Universology literally means "the science of the universe." Popularizing universologic science was a life's work for 19th century intellectual Stephen Pearl Andrews, a futurist utopian. The word can be used synonymously with consilience, a term Edward Osborne Wilson has popularized with his writings elucidating the apparent unity of all knowledge.

In recent years, Dr. Mamoru Mohri, Japan's first astronaut and Director of Japan's National Museum of Emerging Science and Innovation, has popularized and expanded on universology. For Mohri the universological worldview was an epiphany after seeing the planet from space on two missions in the 1990s, and he has become the chief proponent of universology today. "Everything in this universe is part of an uninterrupted sequence of events" Mohri has said.

In 1872 Andrews published "The Basic Outline of Universology" which was subtitled "An introduction to the newly discovered science of the universe, its elementary principles, and the first stages of their development in the special sciences."

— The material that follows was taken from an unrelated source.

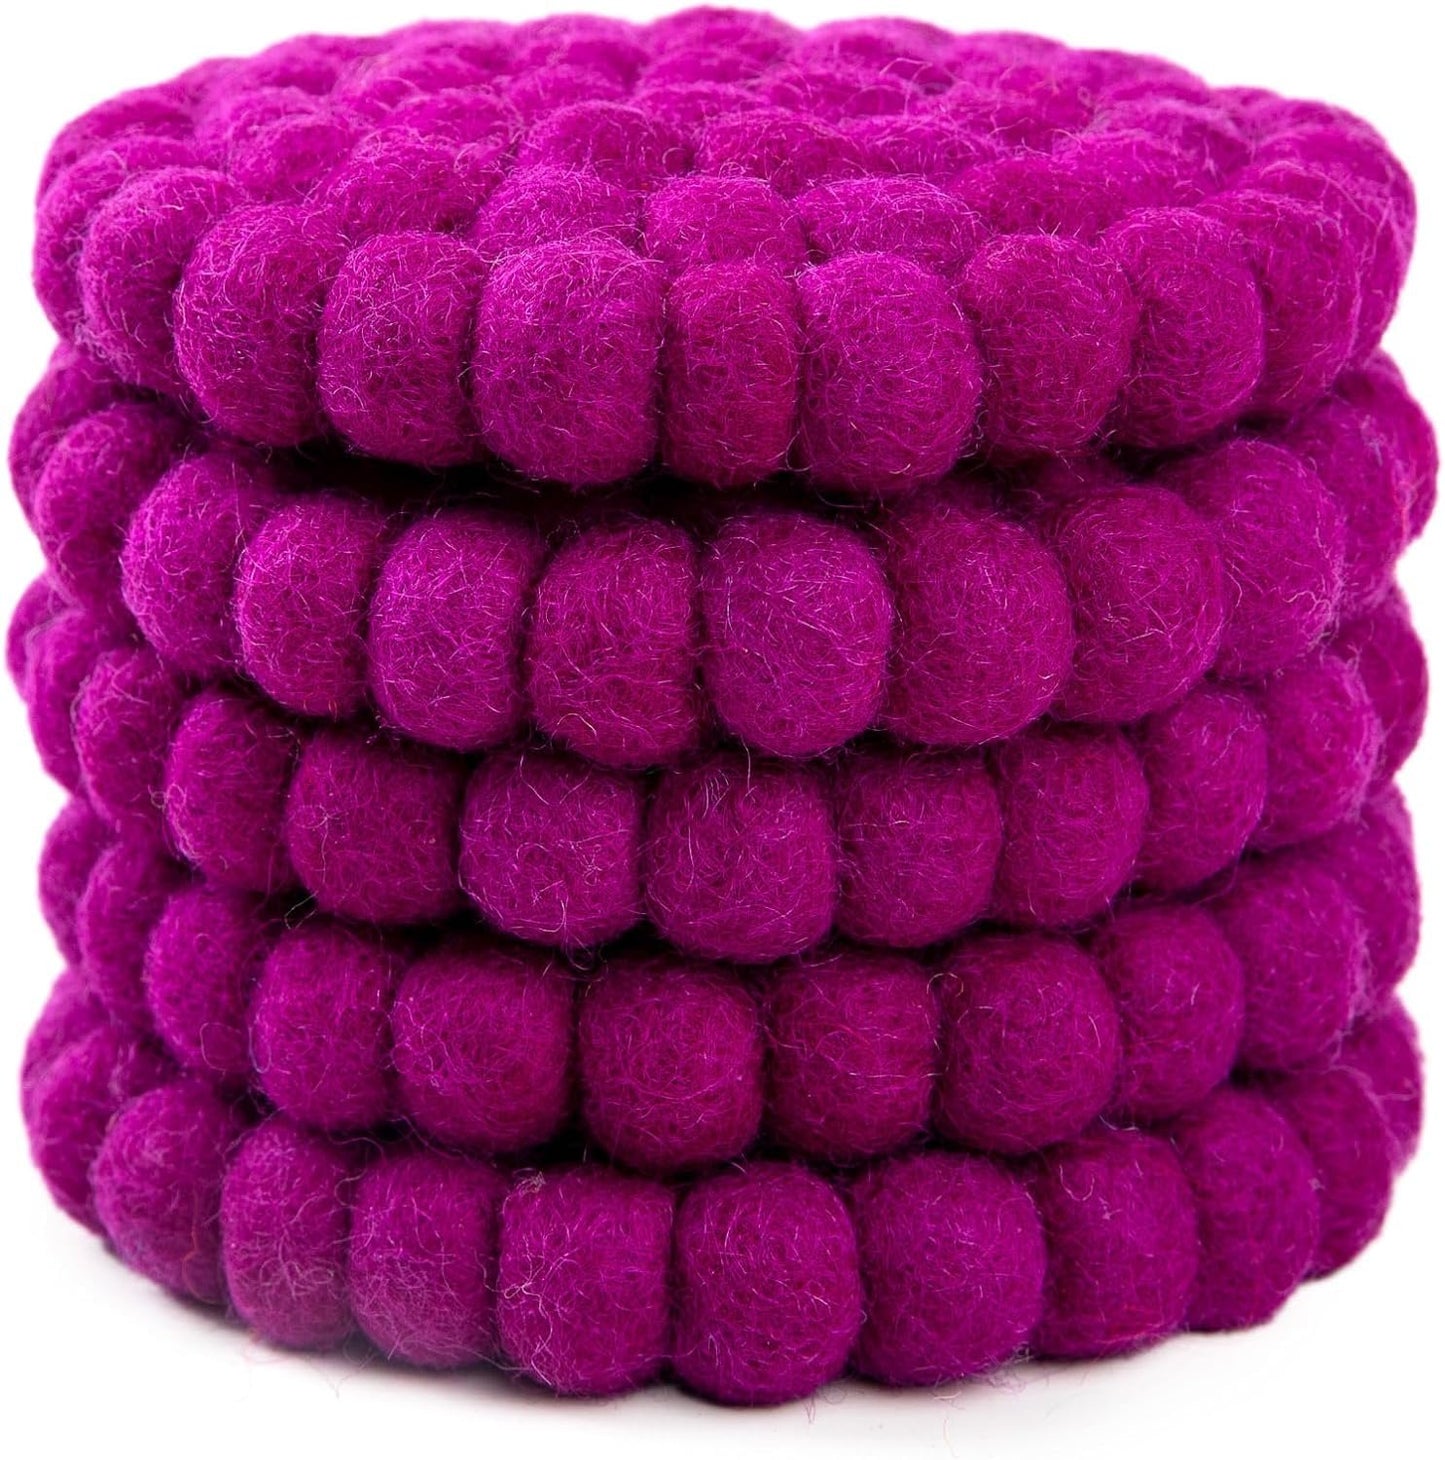 Round Felt Ball Coasters - 100% Merino Wool Table Coasters - Felt Coaster Pads, Absorbent Trivet for Drinks - Heat Resistant, Thick & Durable Hand Felted in Nepal by Woolygon- Multicolor - Set of 5

Ilya Romanovich Prigogine (born January 25, 1917) was a Belgian and American physicist and chemist who was born in Russia and became a Nobel Prize laureate in chemistry. In the book "Order Out of Chaos: Man's New Dialogue With Nature", which he co-wrote with Isabelle Stengers, another professor at Prigogine's group in the University of Brussels, Prigogine states:

"Altogether, we tend to accept the idea propelled by Dialectical Materialism, regarding the necessity of overcoming the antithesis of humane, historical realm and the material world, perceived as atemporal. We do believe, that the setting rapprochement of these opposites will have to be enhanced, as there will be new approaches which will outline the internally evolving Universe, which we are part of." A central aspect of the ways of "outlining the internally evolving Universe", that is what Universology is all about.